Rocket's momentum It is well known that to give a liftoff a rocket, we use the momentum principle: The momentum of the gases emitted by a rocket and the rocket's momentum is equal to zero. So why is it not enough to emit any gas quickly to impart a rocket's velocity without burning it? What is the contribution of burned gases to the rocket's momentum?
 A: Combustion isn't strictly necessary, and there are kinds of rocket engines that don't rely on combustion. But 'emitting a gas quickly' enough to lift a 10,000 kg rocket into space is not a trivial affair -- somehow you have to speed that gas up enough to achieve the required thrust on the rocket.
That means releasing energy into the gas, and a lot of it. Combustion is a good way to do that -- explosions release a lot of energy. There are other ways, but most of them can't produce the kind of power you need to get to space.
So basically, it is enough to emit a gas quickly. Combustion is just how we make that happen.
A: Well you know that a rocket works using Newton's third law. Propellant goes one way, and the reactionary force propels the rocket in the opposite direction. This means that anything that is able to direct a force that is greater than that of the rocket's weight at any given moment is able to propel a rocket off the ground. Including any type of gas that may or may not be a product of combustion. For example, you can make a simple, yet effective, hobby rocket by pouring liquid nitrogen into a bottle of water.

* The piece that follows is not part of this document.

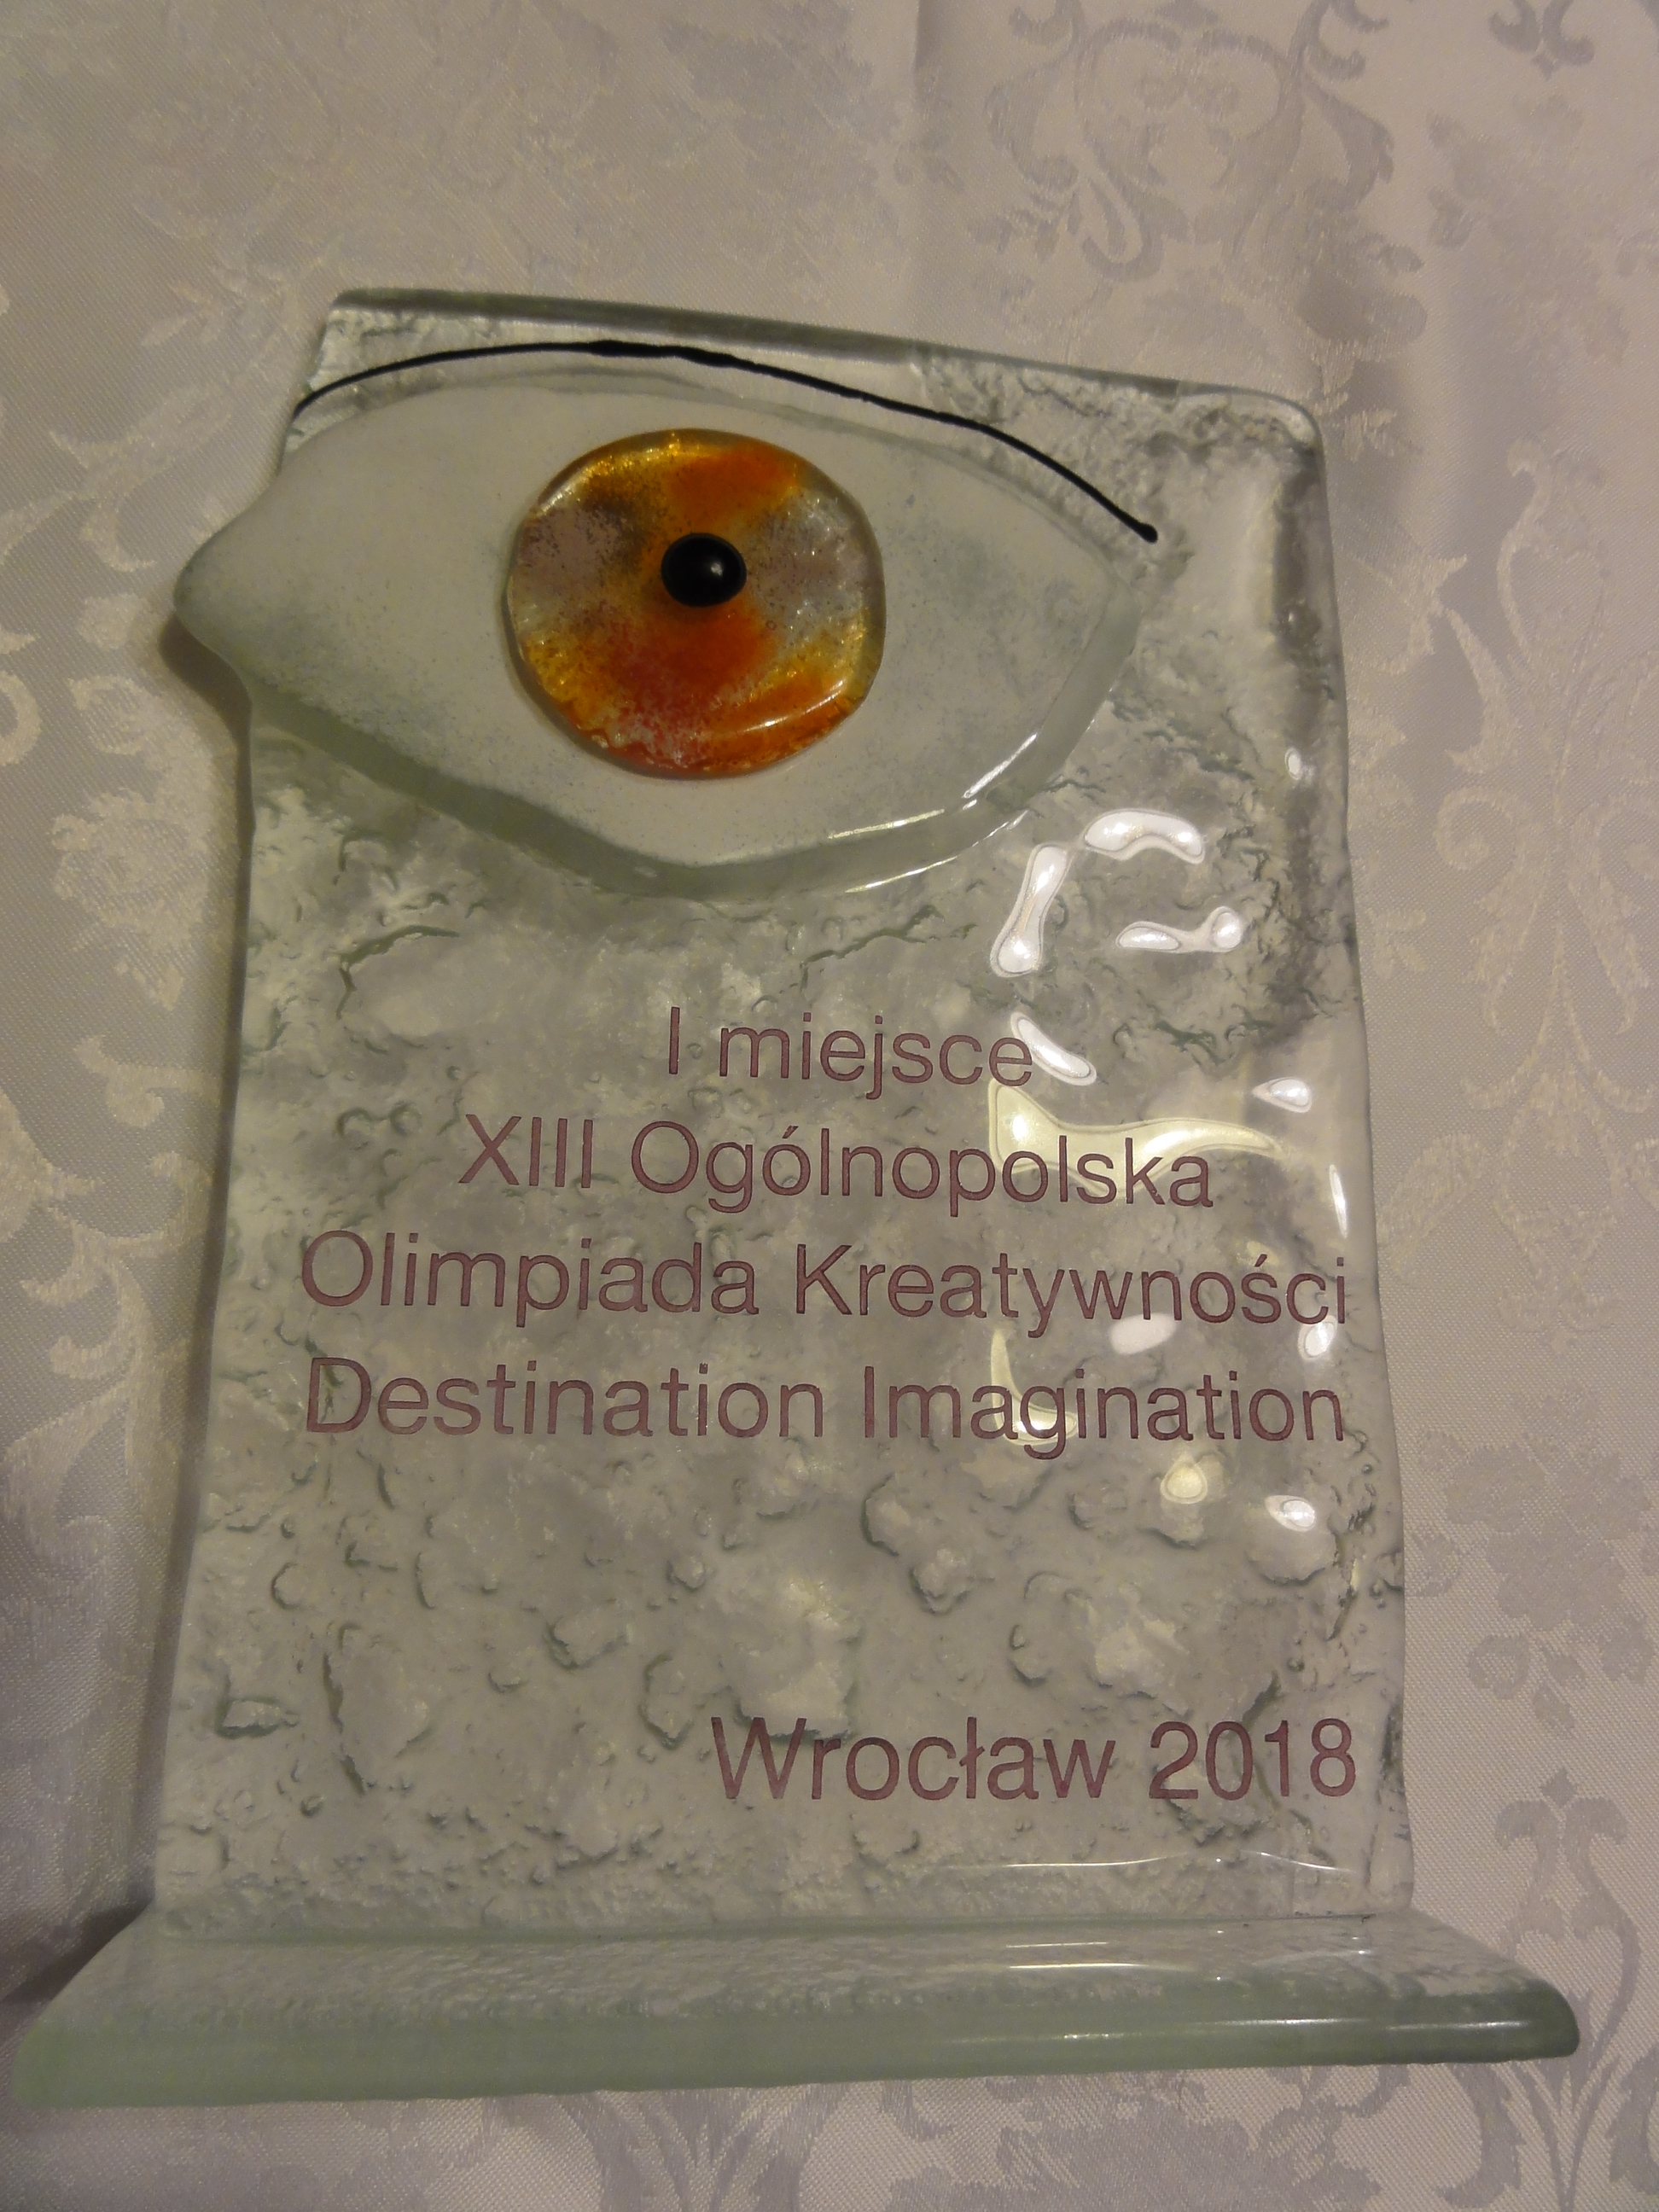 Doskonały wynik w Ogólnopolskiej Olimpiadzie Kreatywności DI

Hydrogen -- a light and extremely powerful rocket propellant -- has the lowest molecular weight of any known substance and burns with extreme intensity (5,500°F). In combination with an oxidizer such as liquid oxygen, liquid hydrogen yields the highest specific impulse, or efficiency in relation to the amount of propellant consumed, of any known rocket propellant.

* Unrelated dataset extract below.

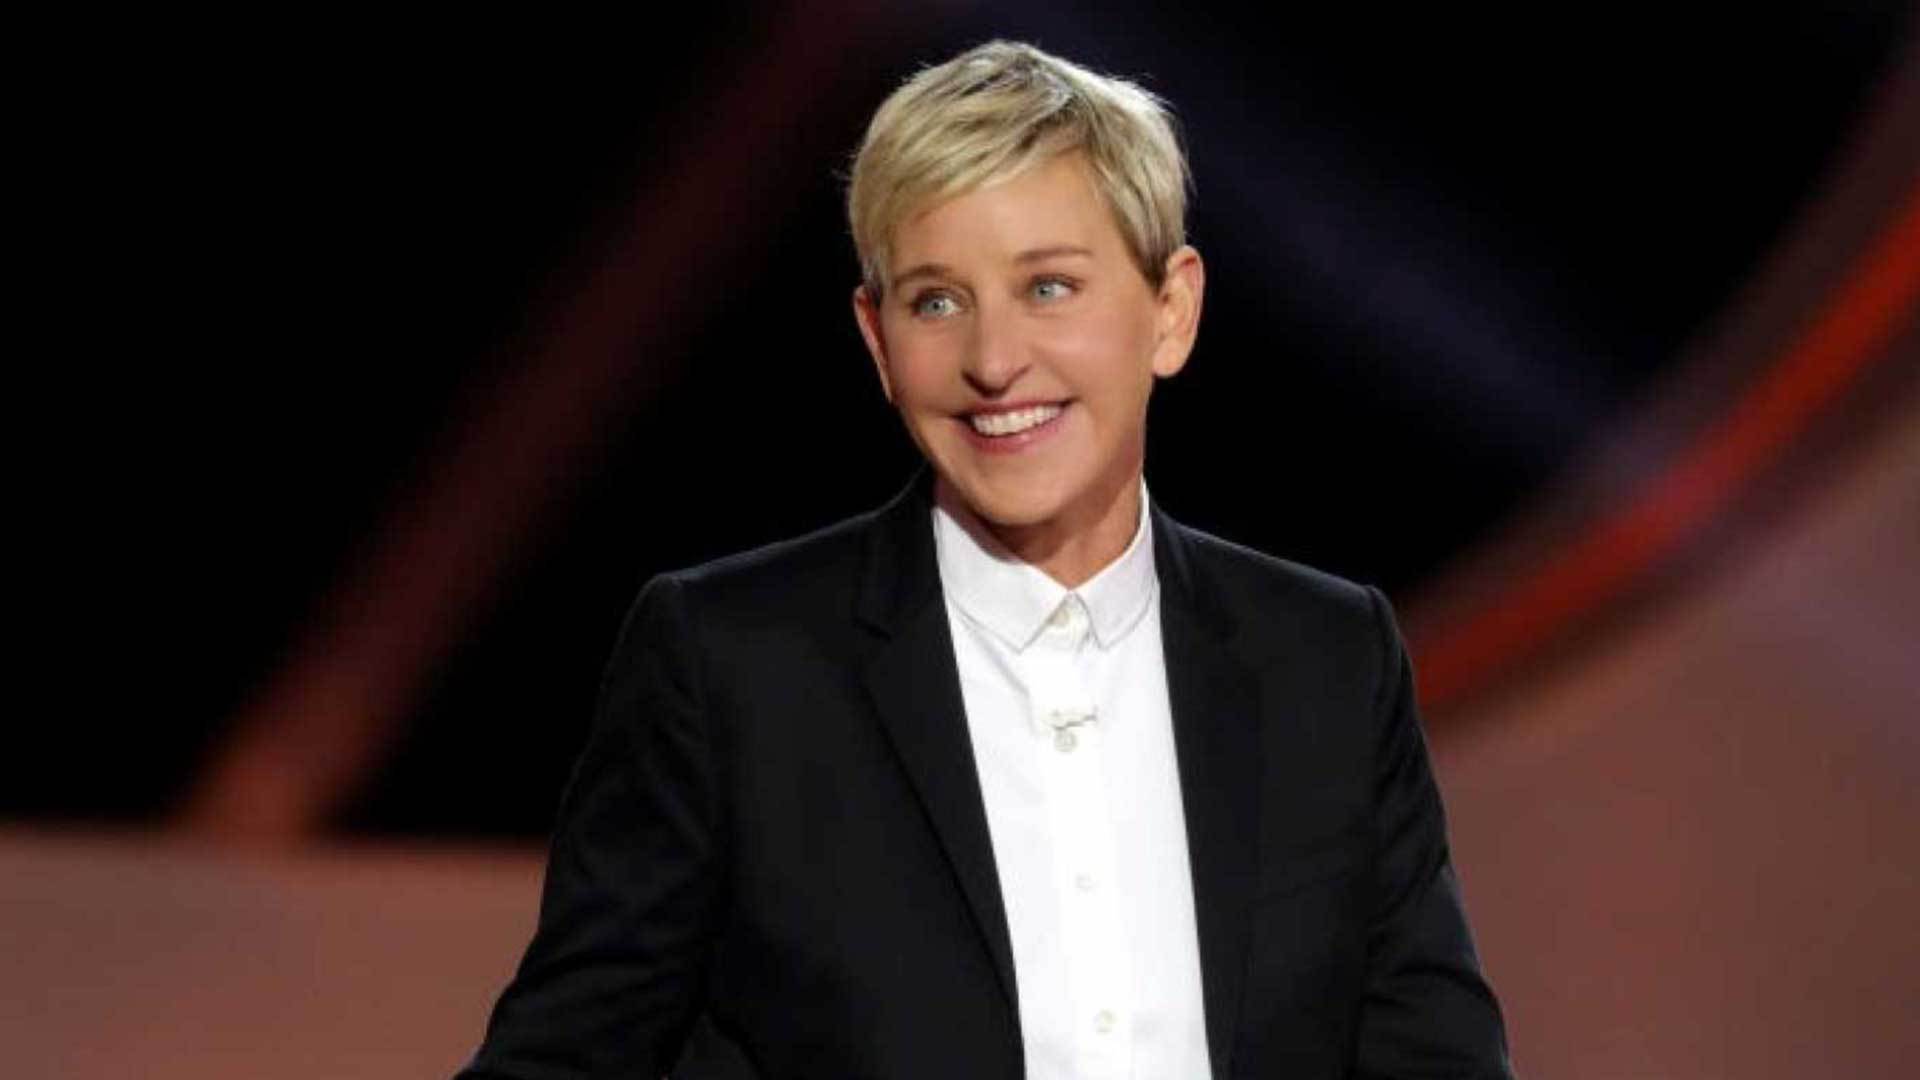 Ellen DeGeneres: Be True To Yourself

Combustion is most preferred as this means more efficiency and higher thrust per weight unit.
A type of rocket thruster is a cold gas thruster. This is just a pressurized gas that is released from a small nozzle, at high velocity. Cold gas thrusters could theoretically provide the thrust that's required for sustained flight, but is not used due to efficiency concerns .

As opposed to traditional rocket engines, a cold gas thruster does not house any combustion and therefore has lower thrust and efficiency compared to conventional monopropellant and bipropellant rocket engines.
Problem is, that compressing gases take up a lot of energy. And there's also solid fuel sources. NASA uses solid rocket boosters as they have a lower specific impulse. Which means it burns highly energetically in a very short amount of time.

In a nutshell, combustion is used as opposed to any other form of propellant is because this allows for more thrust per kilogram of fuel. As for the part about "contribution of burning gas to the rocket's momentum", there is no such thing. It's all about efficiency.